By October 19, 1990, petitioner was unable to obtain
financing for the purchase of Skylane Apartments, and the Earnest
Money Contract expired once again. At this time, petitioner
thought that he still could obtain financing for the purchase of
Skylane Apartments. Petitioner again convinced Mr. Suiter to
extend the closing date of the Earnest Money Contract, this time
from October 19, 1990 to November 19, 1990. As consideration for
extending the closing date, petitioner agreed to tender to Mr.

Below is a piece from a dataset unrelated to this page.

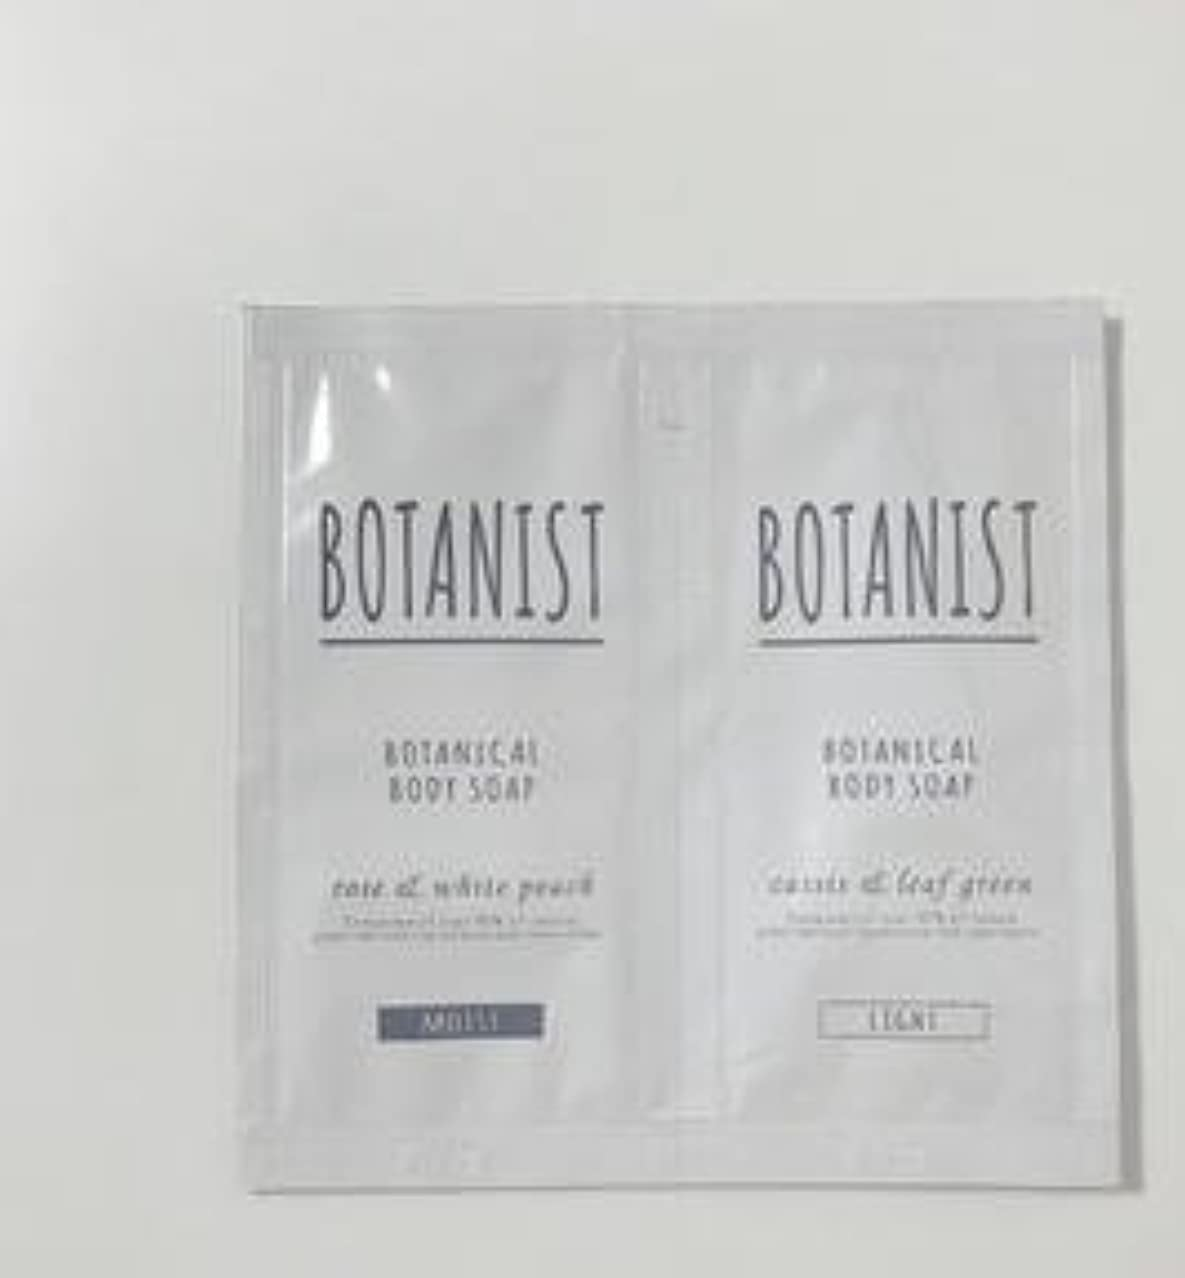 ブレークしっとり戦略BOTANIST ボタニカル ボディーソープ ライト&モイスト トライアルセット 8ml×2 (ライト&モイスト, 1個)
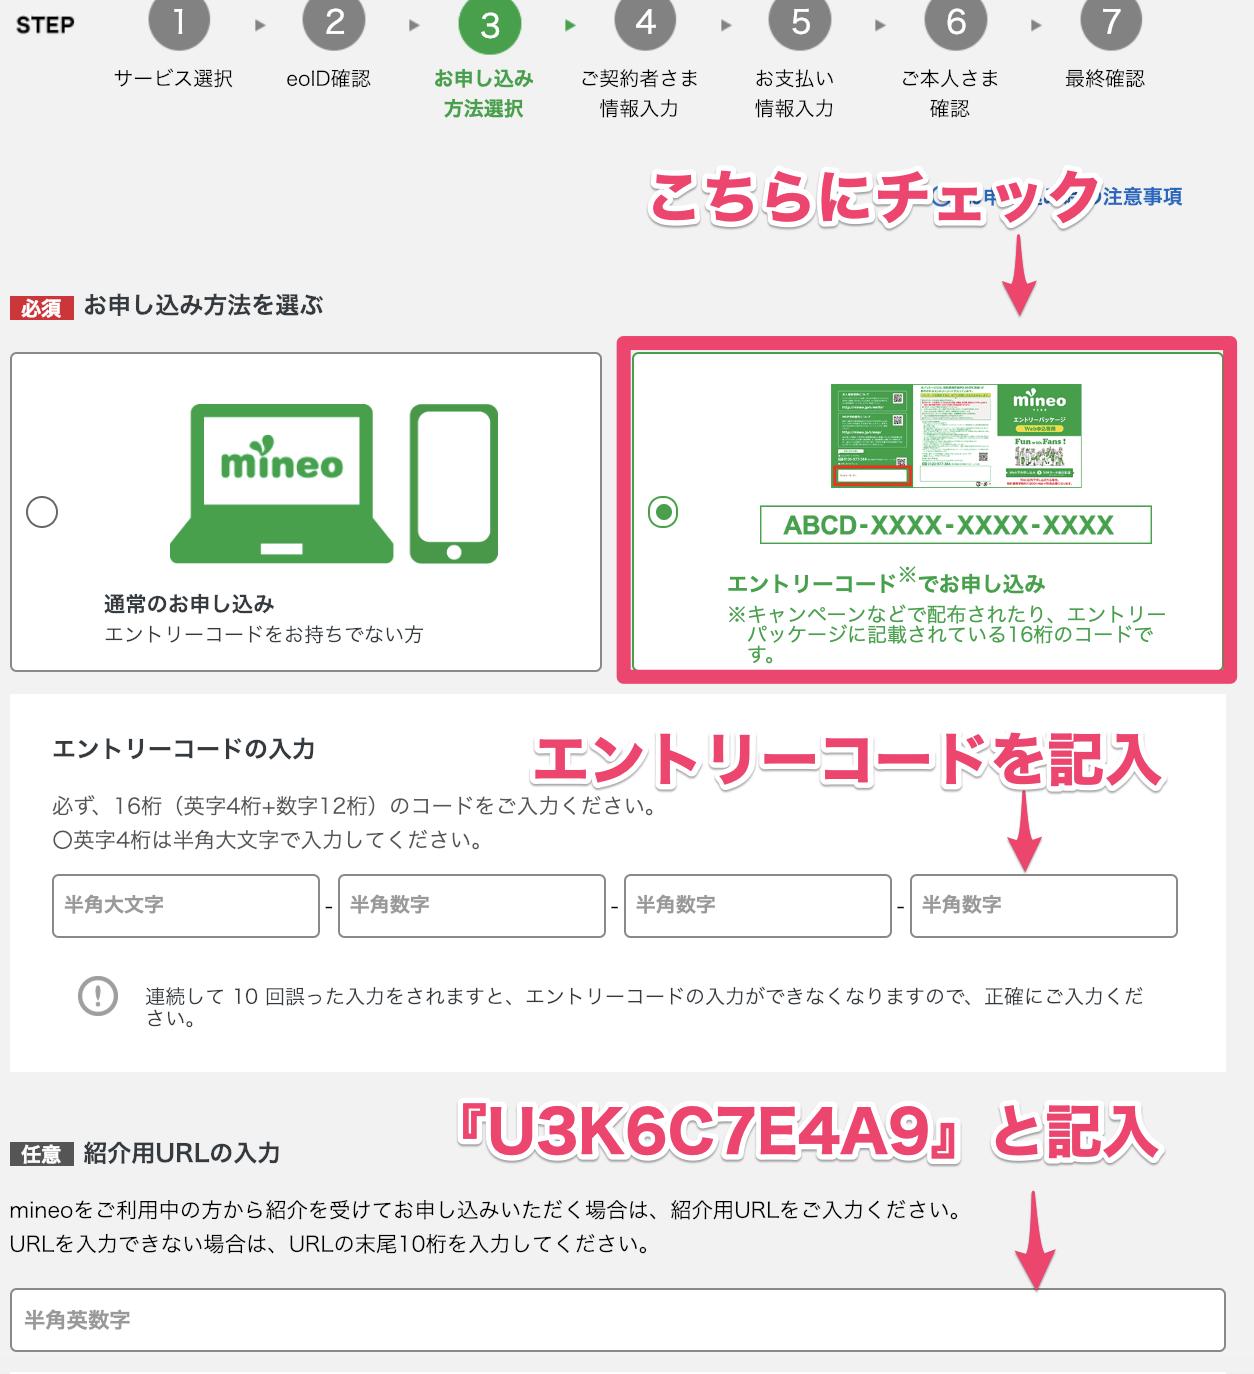 紹介URLとエントリーコードを記入する画面

Suiter the $30,000 previously deposited in escrow with Stewart
Title Co. By letter dated October 22, 1990, petitioner
authorized Stewart Title Co. to disburse $30,000 to Mr. Suiter as
consideration for extending the closing date of the Earnest Money
Contract from October 19, 1990 to November 19, 1990.
Although petitioner continued to seek financing for the
purchase of Skylane Apartments, petitioner was once again
unsuccessful. The sale of Skylane Apartments did not close by
November 19, 1990. Once again, petitioner requested that Mr.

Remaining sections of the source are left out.